# Portable Texture Equipment -Advice Needed



## mds120 (Nov 22, 2009)

We currently own a Magnum TexFinish machine which we use for smaller jobs. After 2 years we are having issues with it surging material. In other words the pump is running but it is charging the line intermittently. This is a smaller machine and is electric.

Here were the reasons we bought the TexFinish Machine.

Machine under $800. 
Portable so one man could lift it or push it into a truck. 
Able to apply popcorn texture. 
Use a gun rather than a hopper. 
If necessary, the machine had to have the ability to texture an entire house.

We are thinking about going to a gas compressor. We have the same requirements as above but understand we may have to go back to a hopper.
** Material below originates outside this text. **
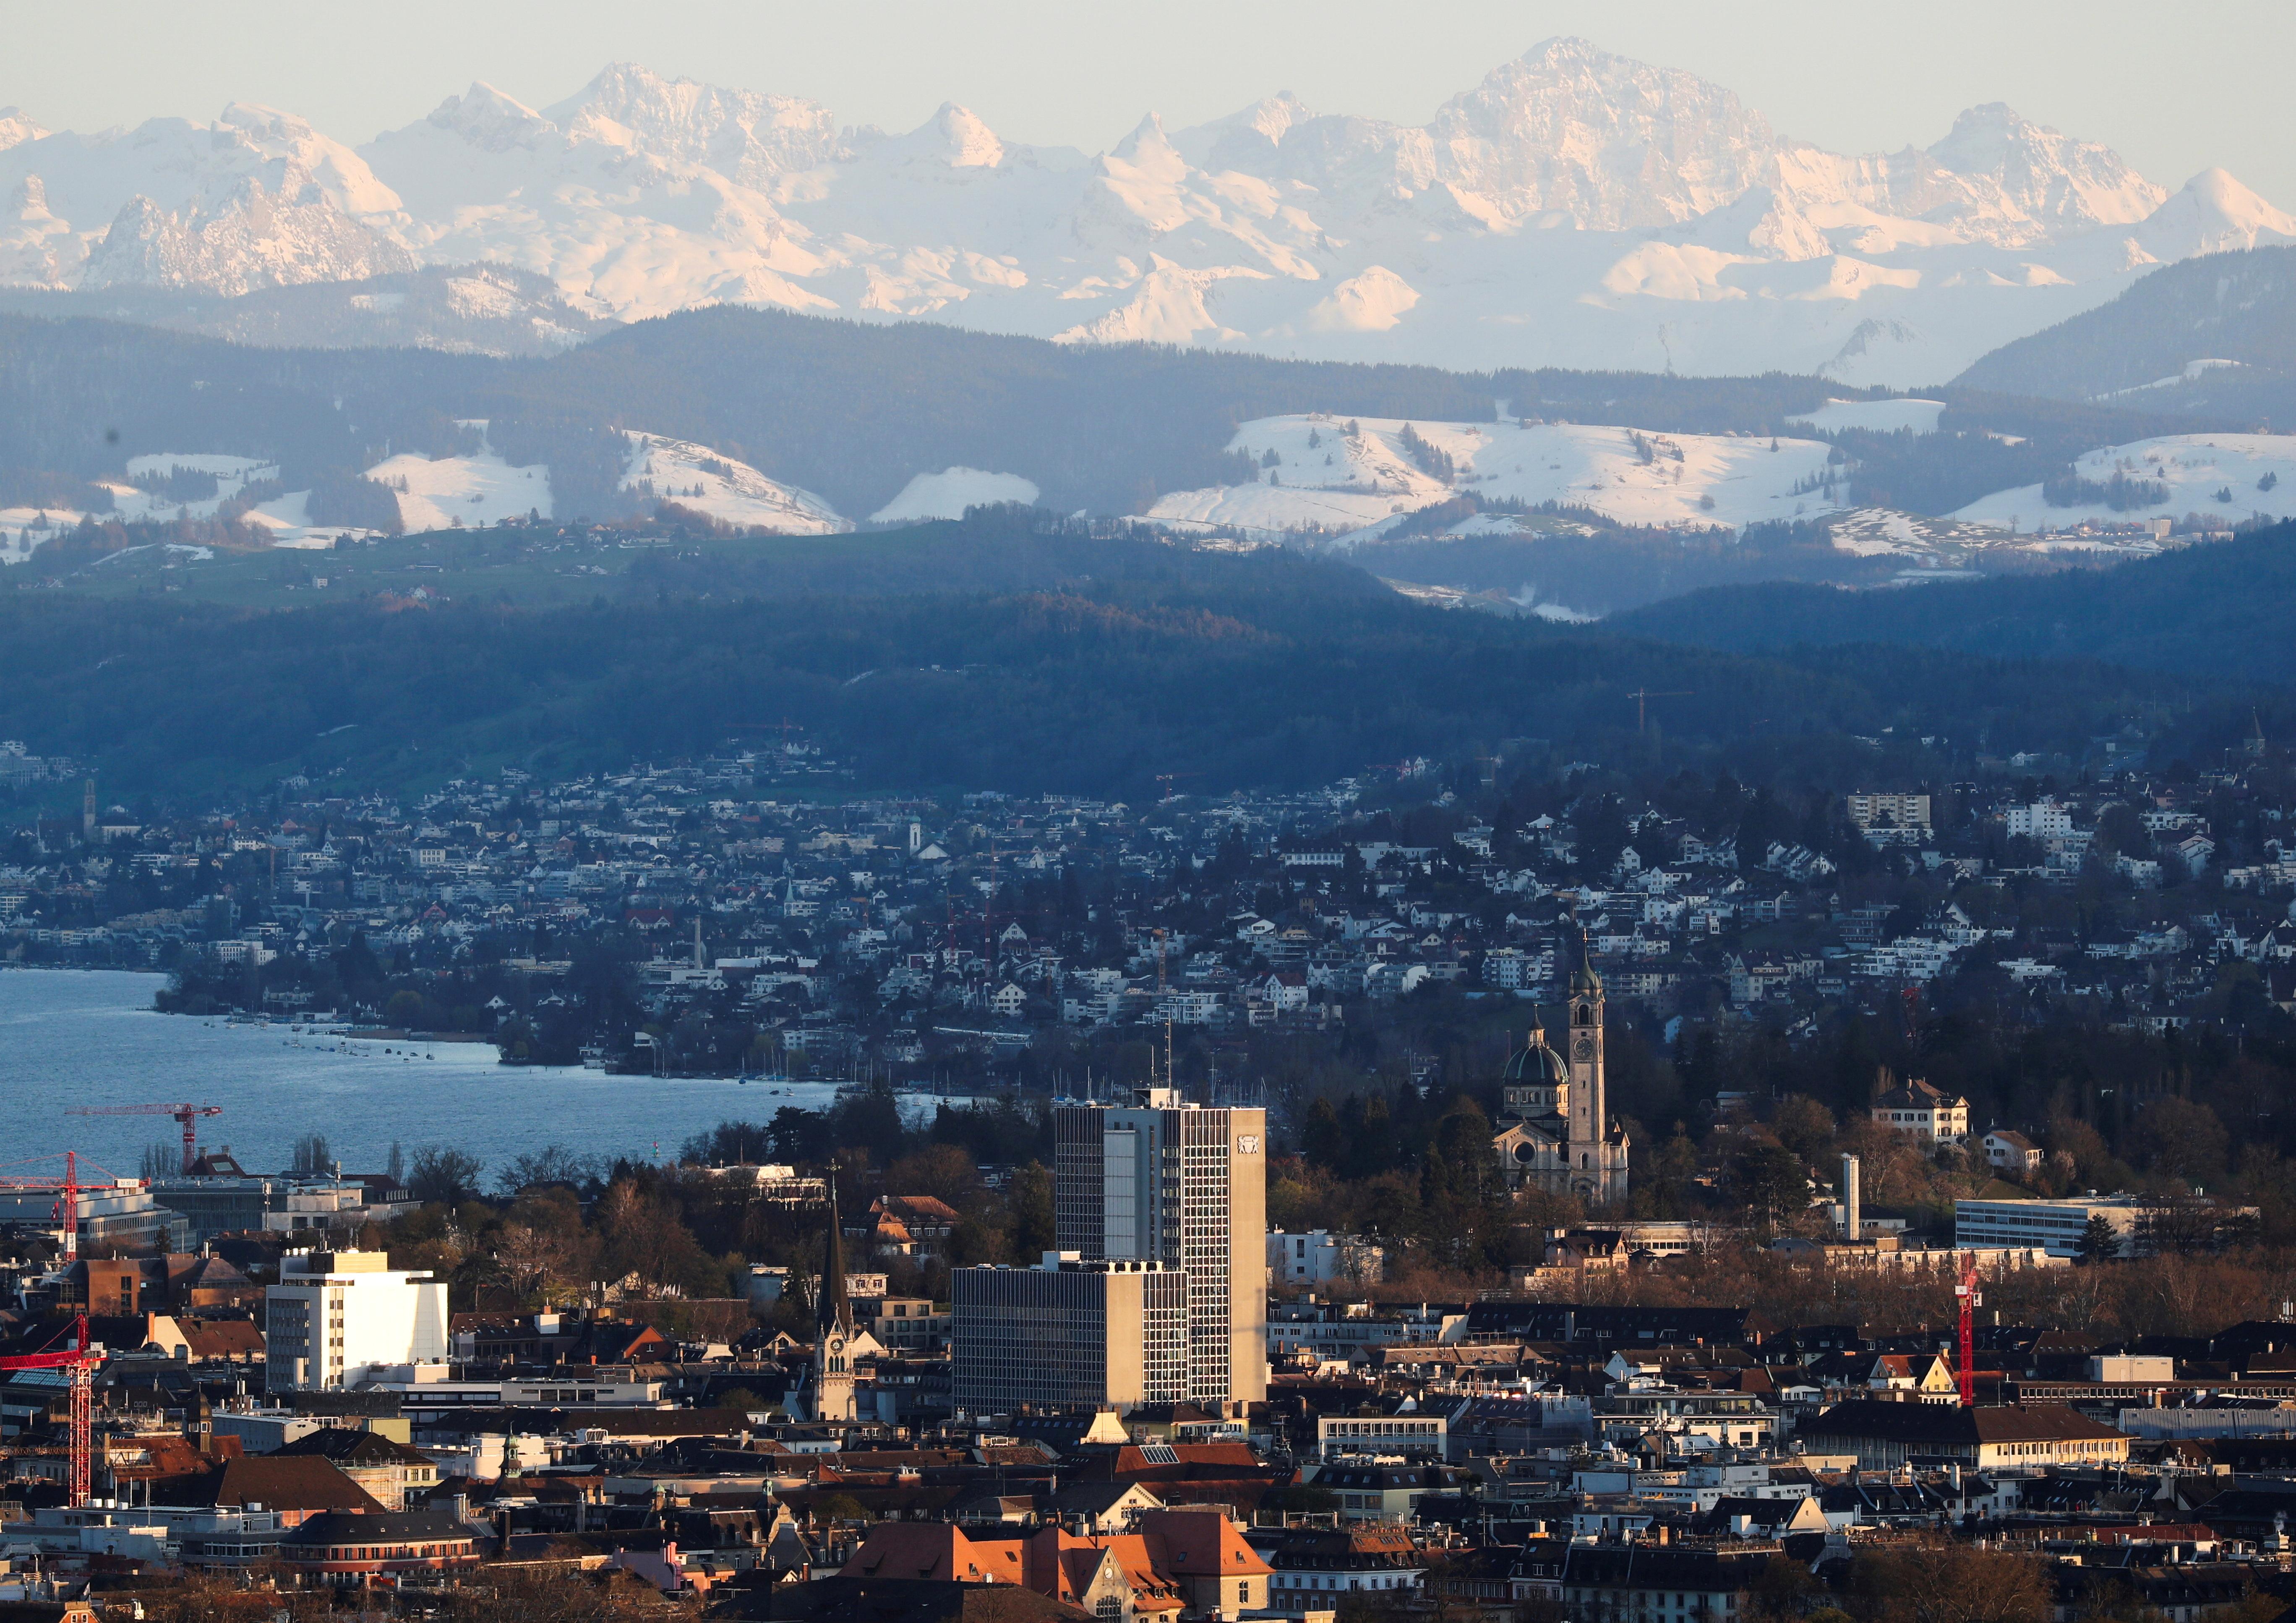 The Verwaltungszentrum Werd administration center is seen in front of the eastern Swiss Alps and Lake Zurich in Zurich, Switzerland, April 8, 2021.  REUTERS/Arnd Wiegmann

Any suggestions as to what machine or gas compressor we should buy?


----------



## drywallnflorida (Sep 19, 2008)

we have a mag texfinish sprayer that was doing the same thing, i thought it was the flex hose going bad, when i started to take it apart i realized that the connection on the bottem of the hopper was just a lil loose and was sucking in air but not loose enuff to leak material. Tightened it down half a turn and works great again. :thumbup:


----------



## mds120 (Nov 22, 2009)

drywallnflorida said:


> we have a mag texfinish sprayer that was doing the same thing, i thought it was the flex hose going bad, when i started to take it apart i realized that the connection on the bottem of the hopper was just a lil loose and was sucking in air but not loose enuff to leak material. Tightened it down half a turn and works great again. :thumbup:


Thank you for the reply. I was thinking it might be the hose at one time. I took everything apart to check it. I'll check the connection at the bottom of the hopper again. Maybe there is a gasket of something.


----------



## [email protected] (Dec 23, 2008)

Mds, what part of MO are you in?


----------



## mds120 (Nov 22, 2009)

Kansas City.


----------



## [email protected] (Dec 23, 2008)

If you keep having trouble I'll get you chucks's # @ magnum.


----------



## greenrabbi (Nov 30, 2009)

We had a similar problem, only it turned out the flex hose needed to be replaced. After that it was working fine again.


----------